Obama is likely to get more encouragement from the business community, according to Jake Colvin, vice president of the National Foreign Trade Council (NFTC), an association of several hundred of the large U.S. multi-national companies, which called after Obama's election for the "complete removal of all trade and travel restrictions on Cuba."

Lugar's statement, he said, would be "very positive" for his constituency. "He's been very helpful on unilateral-sanctions reform, but he's never been out front on Cuba. This shows there's increasing interest on the part of new and important actors in the Congress."

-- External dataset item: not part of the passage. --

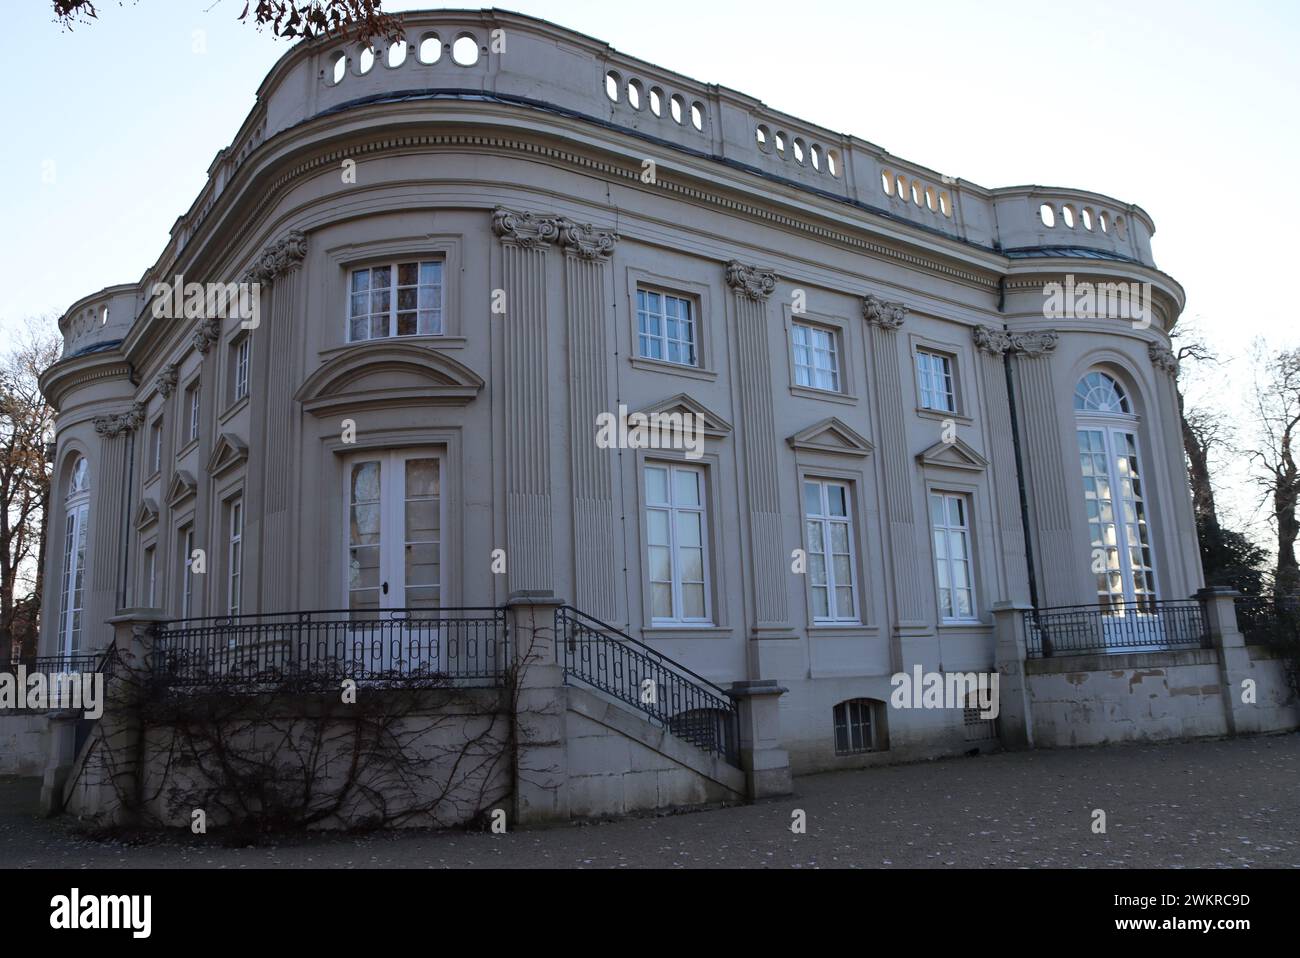 Schloss Richmond in Braunschweig, Germany Stock Photo

The staff report argued that U.S. interests have been harmed by efforts to isolate Cuba in several ways. Not only has it failed to contribute to the island's democratization, but it has also created tensions with both Latin America and Europe, which have chosen a policy of engaging Havana. The report recommended that Washington consider establishing a bipartisan commission to forge a new, multilateral strategy on Cuba with Latin America and the European Union.

Indeed, unless Obama moves to relax the embargo before the Trinidad summit, he could suffer political damage in Latin America, according to Erikson. "Latin Americans are not going to view Obama as a change agent if he still has in place the Bush-imposed sanctions on Cuba by the summit," he said.